▶ [DATA SECTION]
════════

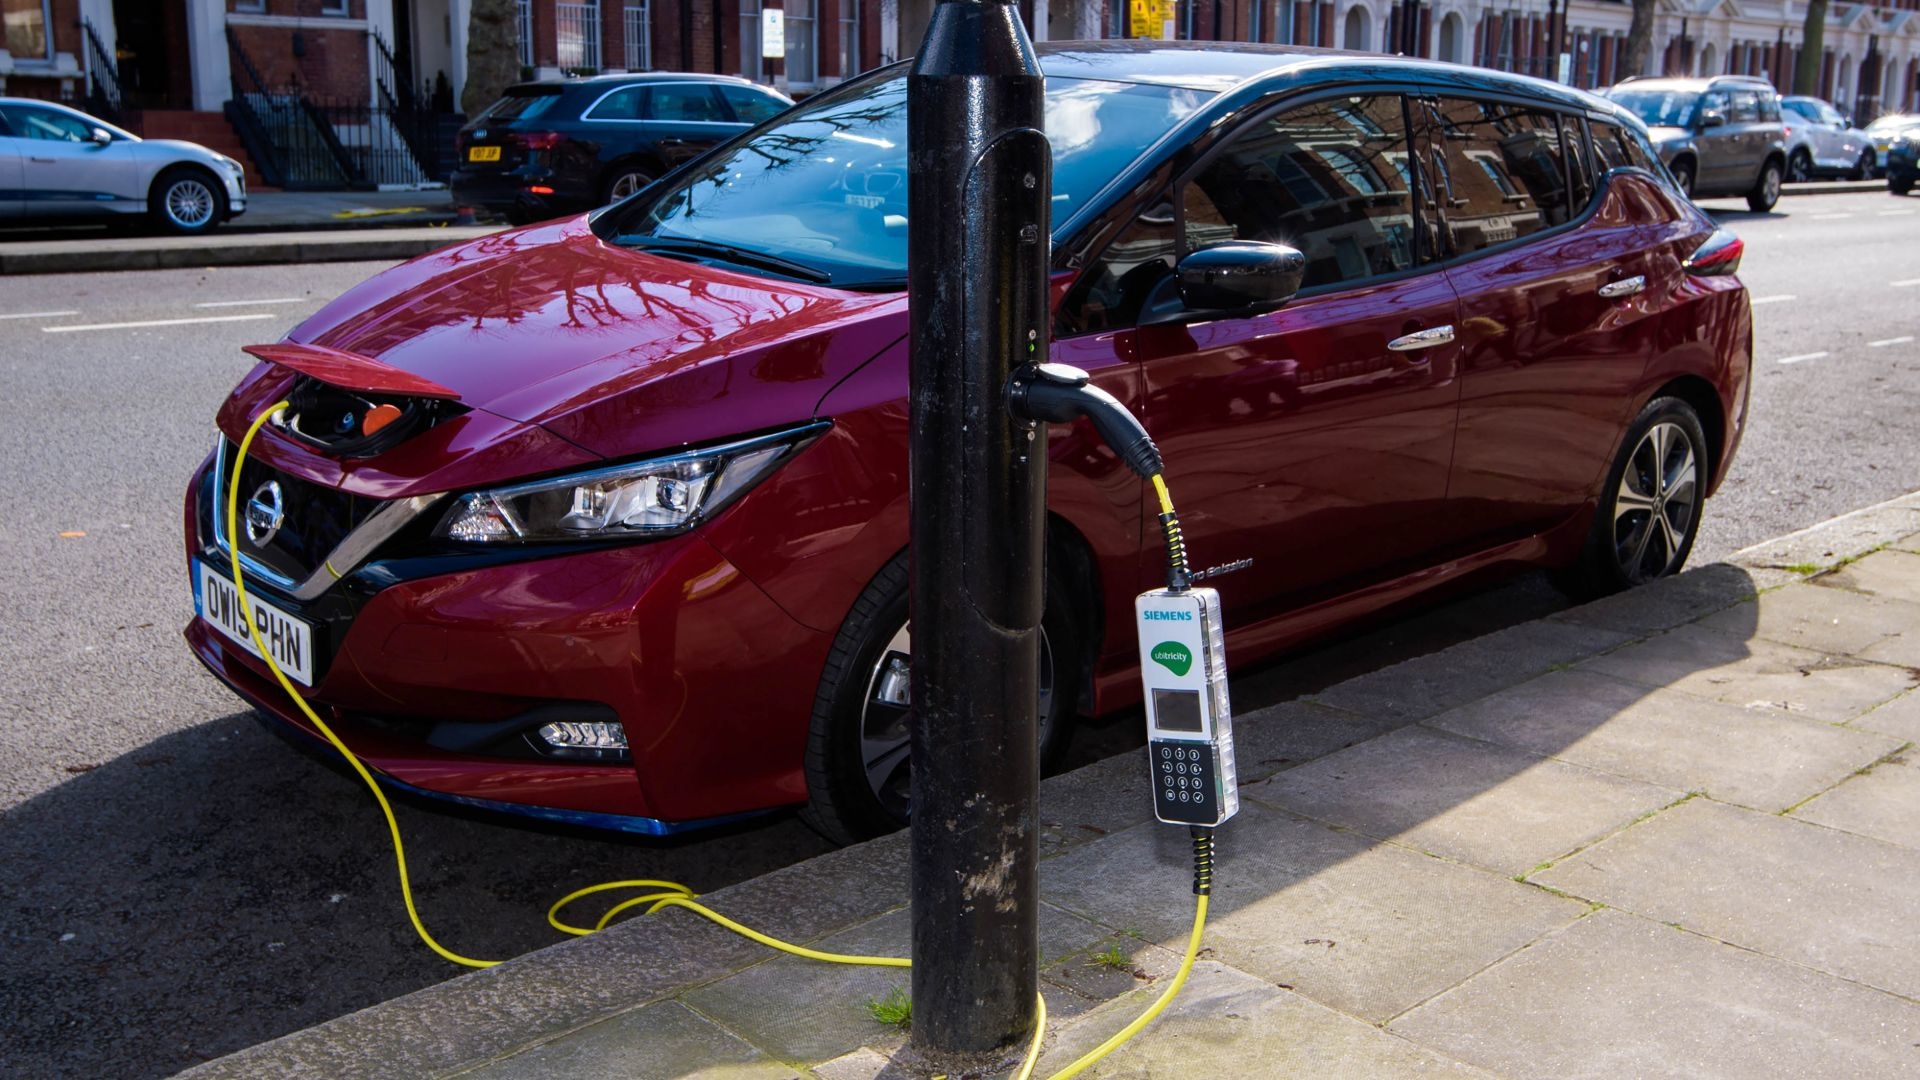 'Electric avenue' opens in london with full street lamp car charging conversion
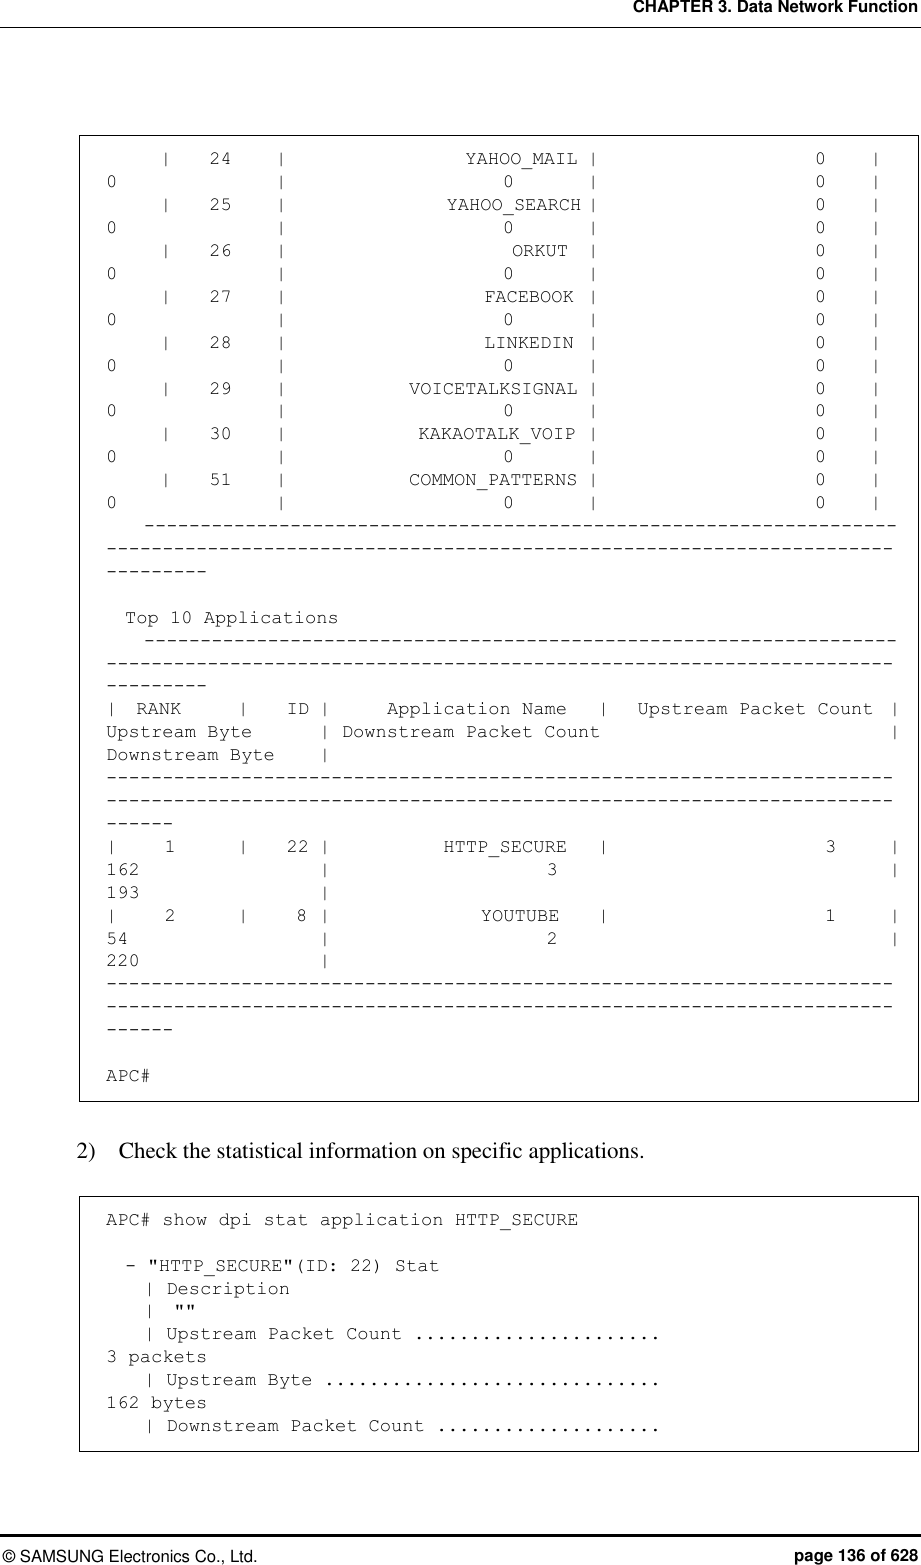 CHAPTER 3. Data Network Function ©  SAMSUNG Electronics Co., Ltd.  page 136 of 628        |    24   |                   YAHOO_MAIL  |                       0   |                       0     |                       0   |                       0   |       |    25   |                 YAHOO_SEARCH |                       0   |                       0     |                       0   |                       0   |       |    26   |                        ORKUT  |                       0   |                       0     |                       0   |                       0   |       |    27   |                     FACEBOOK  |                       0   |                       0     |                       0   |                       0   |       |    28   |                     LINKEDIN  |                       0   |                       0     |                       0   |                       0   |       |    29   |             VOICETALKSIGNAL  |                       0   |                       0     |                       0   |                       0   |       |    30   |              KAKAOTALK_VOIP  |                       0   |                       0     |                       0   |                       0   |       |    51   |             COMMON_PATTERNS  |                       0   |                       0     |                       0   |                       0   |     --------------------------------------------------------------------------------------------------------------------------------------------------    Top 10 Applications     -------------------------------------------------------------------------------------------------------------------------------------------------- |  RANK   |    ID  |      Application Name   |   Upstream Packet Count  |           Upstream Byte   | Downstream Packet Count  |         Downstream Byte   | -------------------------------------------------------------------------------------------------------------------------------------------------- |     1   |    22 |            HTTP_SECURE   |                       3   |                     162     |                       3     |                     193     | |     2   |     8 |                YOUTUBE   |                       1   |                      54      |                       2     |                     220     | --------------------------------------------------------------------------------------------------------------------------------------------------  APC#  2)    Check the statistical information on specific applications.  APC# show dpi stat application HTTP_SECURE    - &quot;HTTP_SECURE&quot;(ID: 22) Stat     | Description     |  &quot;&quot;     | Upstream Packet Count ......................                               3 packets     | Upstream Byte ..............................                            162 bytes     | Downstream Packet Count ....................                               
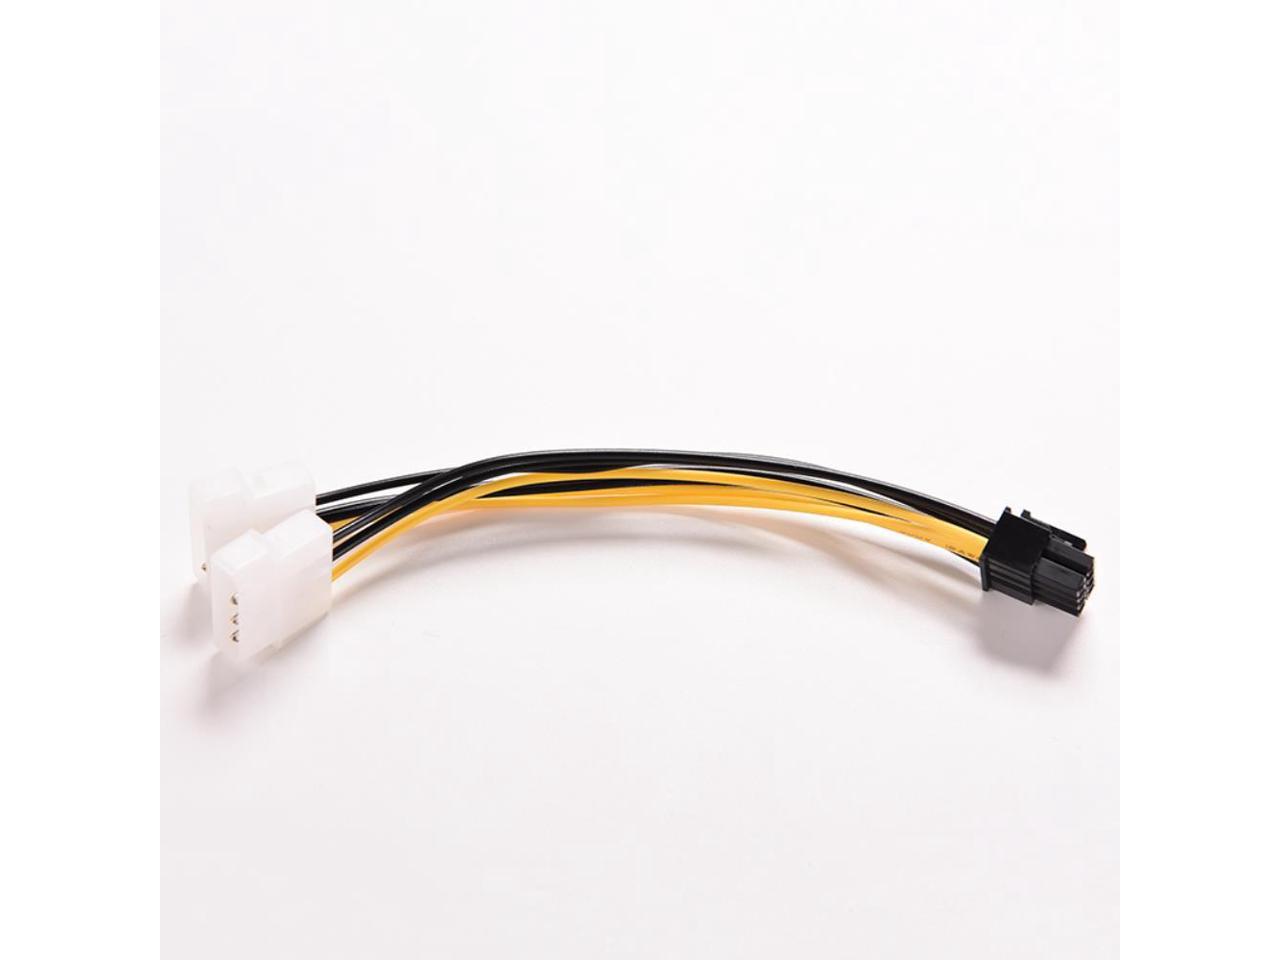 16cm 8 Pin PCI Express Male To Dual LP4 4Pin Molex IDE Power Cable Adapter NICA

════════

▶ [WHAT TO DO]
Leaving the pictures out, give back each line above exactly.

▶ [TASK OUTPUT]
 'Electric avenue' opens in london with full street lamp car charging conversion
 CHAPTER 3. Data Network Function ©  SAMSUNG Electronics Co., Ltd.  page 136 of 628        |    24   |                   YAHOO_MAIL  |                       0   |                       0     |                       0   |                       0   |       |    25   |                 YAHOO_SEARCH |                       0   |                       0     |                       0   |                       0   |       |    26   |                        ORKUT  |                       0   |                       0     |                       0   |                       0   |       |    27   |                     FACEBOOK  |                       0   |                       0     |                       0   |                       0   |       |    28   |                     LINKEDIN  |                       0   |                       0     |                       0   |                       0   |       |    29   |             VOICETALKSIGNAL  |                       0   |                       0     |                       0   |                       0   |       |    30   |              KAKAOTALK_VOIP  |                       0   |                       0     |                       0   |                       0   |       |    51   |             COMMON_PATTERNS  |                       0   |                       0     |                       0   |                       0   |     --------------------------------------------------------------------------------------------------------------------------------------------------    Top 10 Applications     -------------------------------------------------------------------------------------------------------------------------------------------------- |  RANK   |    ID  |      Application Name   |   Upstream Packet Count  |           Upstream Byte   | Downstream Packet Count  |         Downstream Byte   | -------------------------------------------------------------------------------------------------------------------------------------------------- |     1   |    22 |            HTTP_SECURE   |                       3   |                     162     |                       3     |                     193     | |     2   |     8 |                YOUTUBE   |                       1   |                      54      |                       2     |                     220     | --------------------------------------------------------------------------------------------------------------------------------------------------  APC#  2)    Check the statistical information on specific applications.  APC# show dpi stat application HTTP_SECURE    - &quot;HTTP_SECURE&quot;(ID: 22) Stat     | Description     |  &quot;&quot;     | Upstream Packet Count ......................                               3 packets     | Upstream Byte ..............................                            162 bytes     | Downstream Packet Count ....................                               
 16cm 8 Pin PCI Express Male To Dual LP4 4Pin Molex IDE Power Cable Adapter NICA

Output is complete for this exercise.